GIVEN RECORDS
= Beginning of Section =

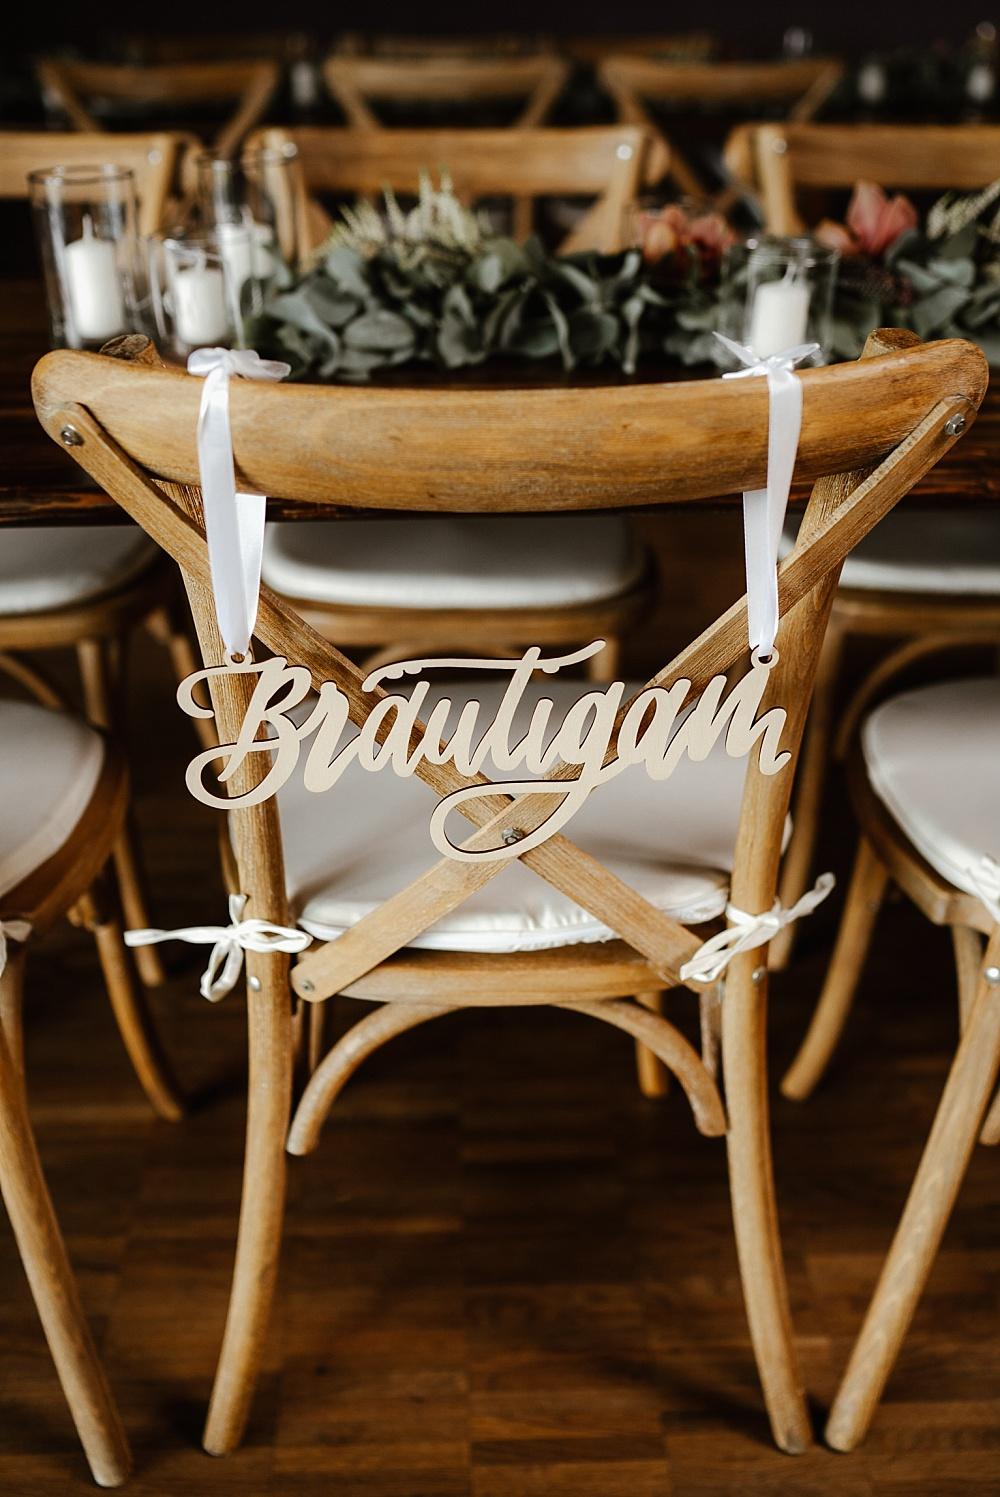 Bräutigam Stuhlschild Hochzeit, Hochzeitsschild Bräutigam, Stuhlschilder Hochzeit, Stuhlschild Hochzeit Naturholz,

= End of Section =
= Beginning of Section =

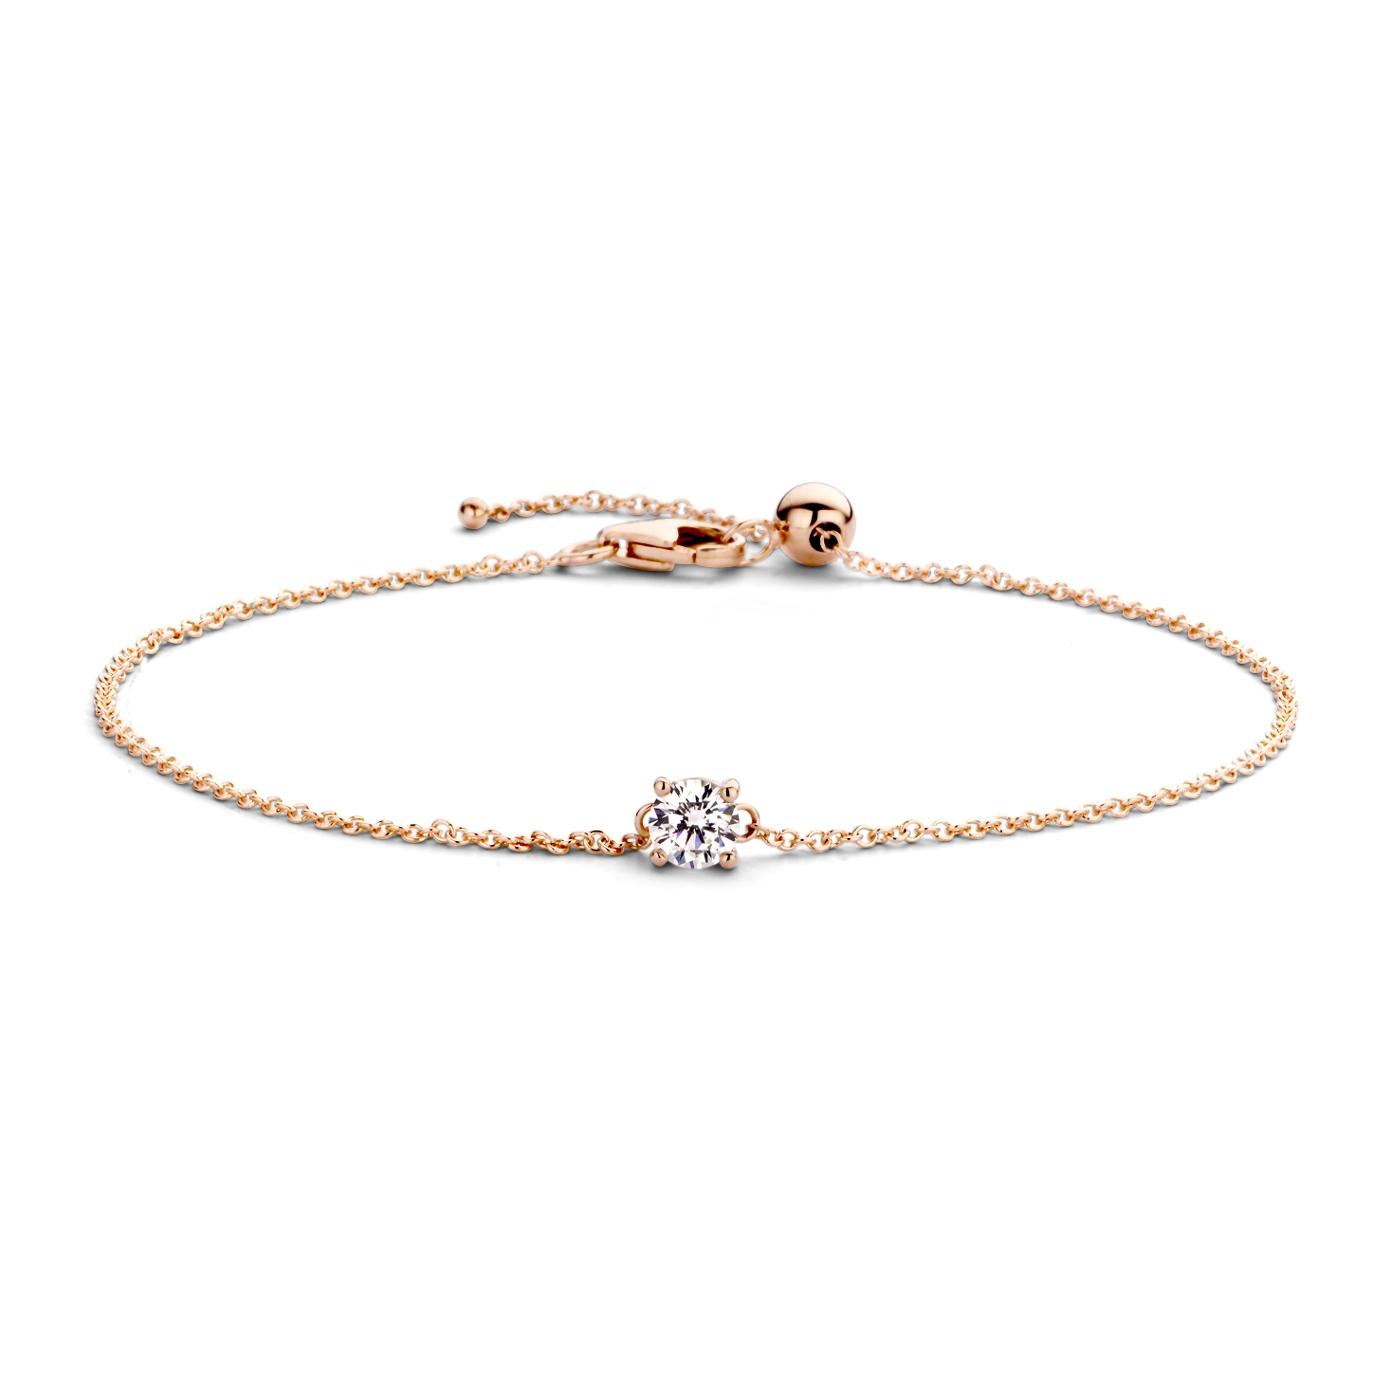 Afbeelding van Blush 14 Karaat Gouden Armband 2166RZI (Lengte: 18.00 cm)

= End of Section =
= Beginning of Section =

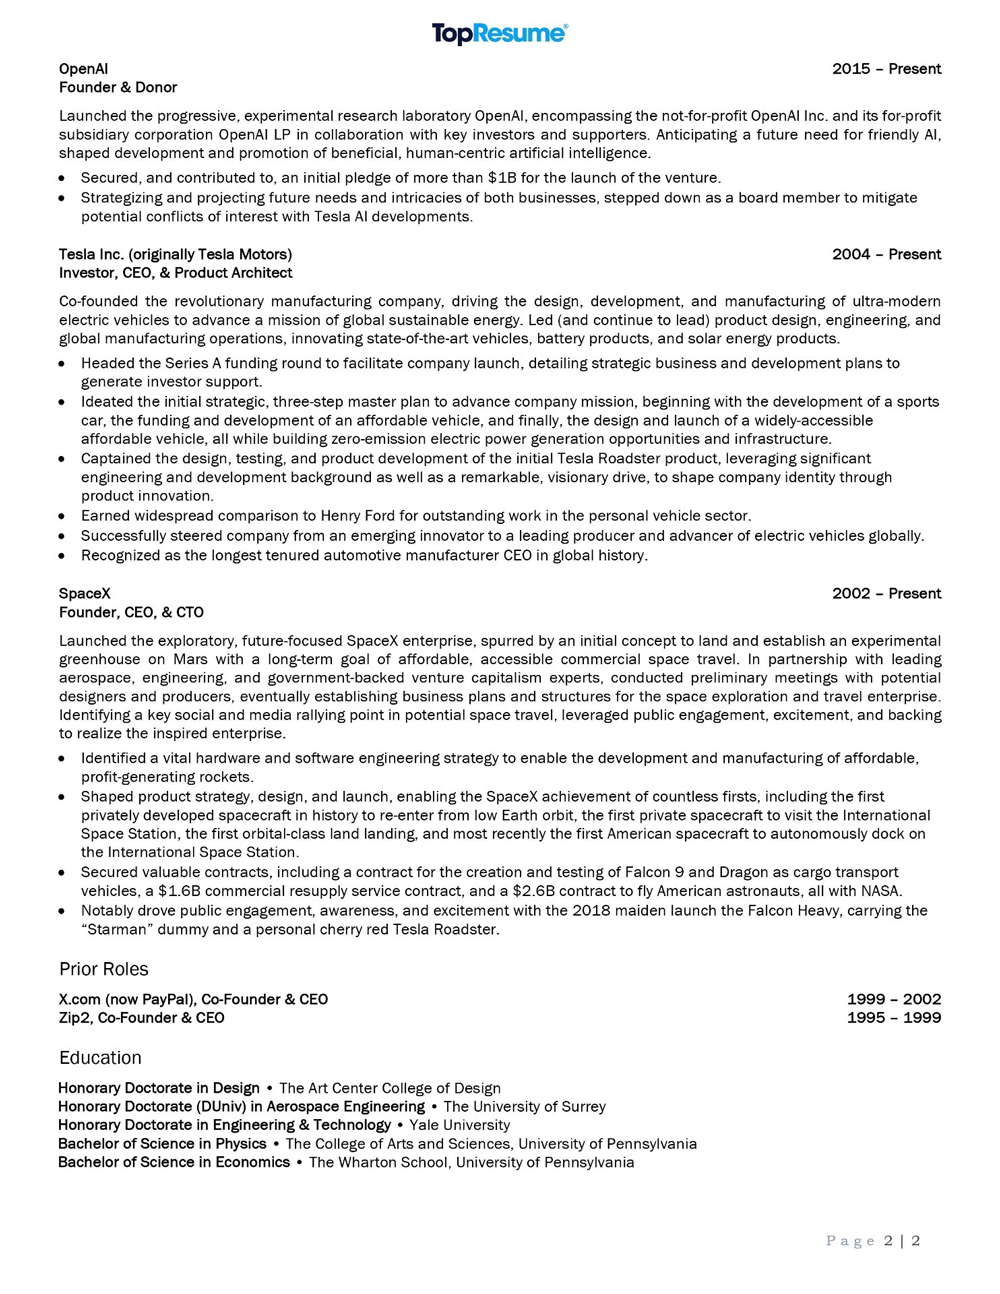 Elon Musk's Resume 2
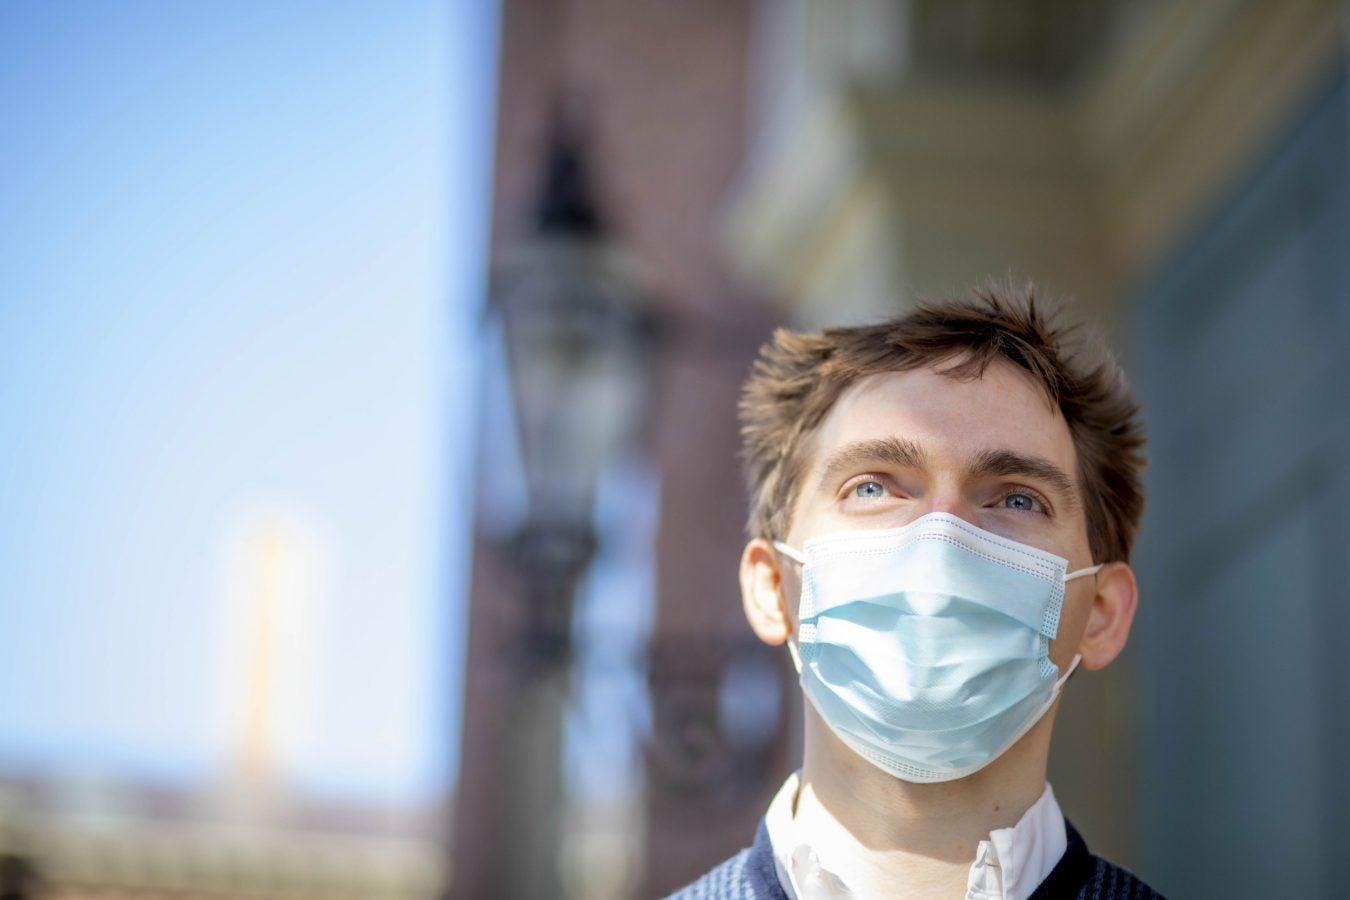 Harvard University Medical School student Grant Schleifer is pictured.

= End of Section =

ASSIGNED TASK
Every line above between the one containing "Elon Musk's Resume 2" and the one containing "Harvard University Medical", those two included, is to be printed exactly. No pictures go into the copy.

SOLUTION
 Elon Musk's Resume 2
 Harvard University Medical School student Grant Schleifer is pictured.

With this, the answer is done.